Picture: JON GUEGAN (39131914)
SITTING at the head of a table in a drab conference room in the depths of the government’s Broad Street headquarters, and flanked by a pair of stern-faced advisers, Deputy Ian Gorst has the appearance of a man at war.
It has been a week since the Jersey Evening Post published a series of allegations about the Jersey Financial Services Commission, the finance regulator which, as External Relations Minister since 2024, Deputy Gorst has ultimate responsibility for.
The JEP’s investigation included interviews with dozens of individuals who claimed to have had their lives ruined by the organisation’s enforcement division, and highlighted the fact that, unlike many jurisdictions, there is no third-party appeal process to challenge decisions made by the regulator. As such, say critics, the JFSC is judge, jury and executioner: able to destroy careers and companies at will.
It is a power in which the JFSC has proved itself adept at wielding. Even those firms which have fought back find that they have won the battle and lost the war. In 2020, SWM Ltd, a wealth management firm, won a six-year court fight against the regulator.
Despite winning the case, SWM could not get professional indemnity insurance and was forced to close its doors.
The JEP was repeatedly warned off the story: “My advice is to drop this,” one former finance executive said. “They will ruin your life like they ruined mine” and the JFSC has refused to engage other than a brief written statement. The regulator has remained silent in the week since, other than a vague statement that said it took the reports “extremely seriously”. That silence, critics say, is fitting for an organisation that has always been unaccountable and remote.
But despite the similarities between this windowless government office, with its dual flags (British and Jersey) and bare walls, and a war room, Deputy Gorst is feeling conciliatory.
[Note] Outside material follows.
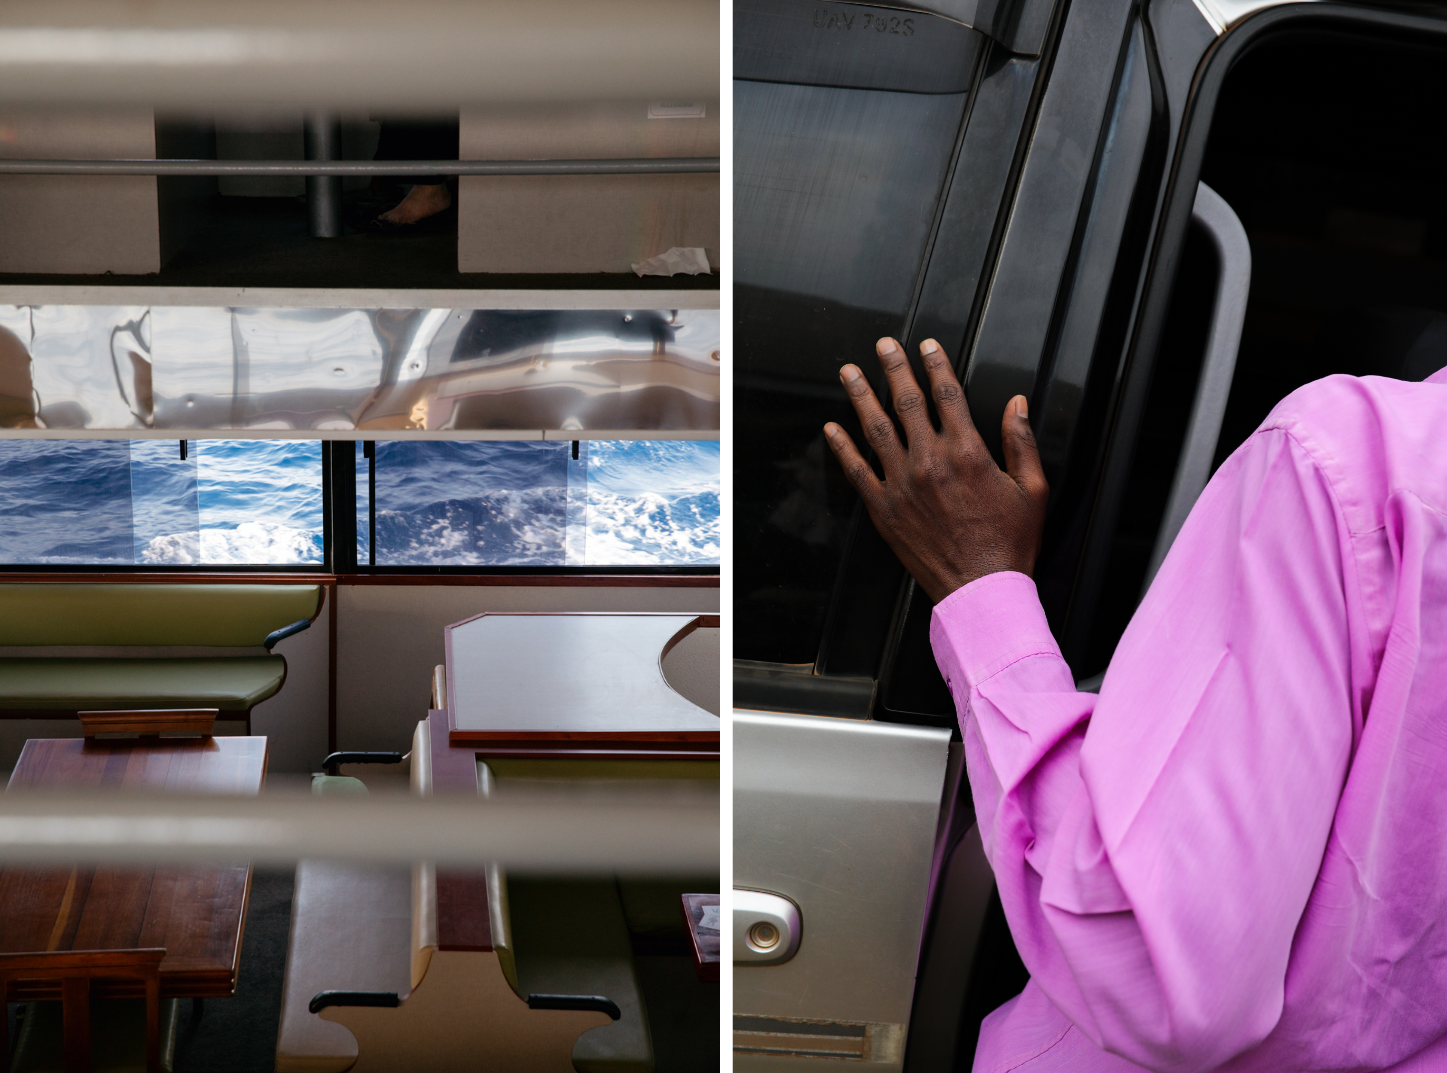 Fotografie links: kleiner Ausschnitt aus dem Innenraum eines Schiffs, man sieht Wasser, Fotografie rechts: Detailaufnahme eines Menschen von hinten mit dunkler Haut und einem pinken Hemd, die Hand ist abgelegt

“The first thing to say is that I recognise the disquiet and concern which some of the individuals had reported and spokento you about,” he told the JEP.
“I don’t accept bullying in any way, shape or form, and some of the stories that you reported on gave the impression that those individuals felt that they had been bullied, and that’s not appropriate anywhere in any arm of government.”
One of the key areas highlighted in the JEP’s investigation was the lack of a formal right to appeal against JFSC sanctions, which can include financial penalties and often the use of public statements: a formal reprimand that is published on the regulator’s website and visible for the whole world to see. Many of those who spoke to the JEP had been subject to public statements and had been unable to work in the finance industry – or often, any industry – ever since.
In some cases, the use of public statements has been appropriate. In 2018, the JFSC sanctioned and issued a statement on Christopher Paul Byrne, who ran Lumiere Wealth. Byrne was jailed for seven years in November 2018 for running a high-risk fund that was described as a Ponzi scheme and in which at least 12 clients lost over £2.7 million.
But in many cases it has not. Advocate Olaf Blakeley told the JEP of a number of clients he had represented “who did nothing wrong”, and the JEP heard from several others who made relatively minor procedural errors and were subsequently issued with a statement. “It has been overzealous, and aimed its fire at members of the industry who are neither fraudsters nor people who fall below the standards,” Advocate Blakeley said.
One of the main issues was that the only way to oppose a JFSC sanction – including a public statement – was an appeal to the Royal Court, an expensive and time-consuming process that is beyond the means ‘ of many. It was this lack of recourse that led many in the industry to describe the regulator as “a law unto themselves” and as “judge, jury and executioner”.
Deputy Gorst told the JEP that he felt the use of public statements was important, even if they were controversial, as the fines issued by the JFSC tended not to be enough of a deterrent, whereas a public statement was genuinely impactful in our internet age. That said, the lack of a right to a third-party appeal was an issue, Deputy Gorst admitted, and would be addressed.
“You have brought [forward], again, the need to revisit the enforcement processes,” he said of the JEP reporting on the issue.
“[We will] look at other jurisdictions that do have appeals processes, which I think we can learn from. We’ll want to see how successful they are.”
Deputy Gorst said that the issue of a third-party appeals process would be added to the scope of the Strategic Review of Jersey’s Regulatory Environment, launched on the same day that MoneyVal’s assessment of the Island’s finance industry was published on 24 July and due to be completed in the second quarter of 2025.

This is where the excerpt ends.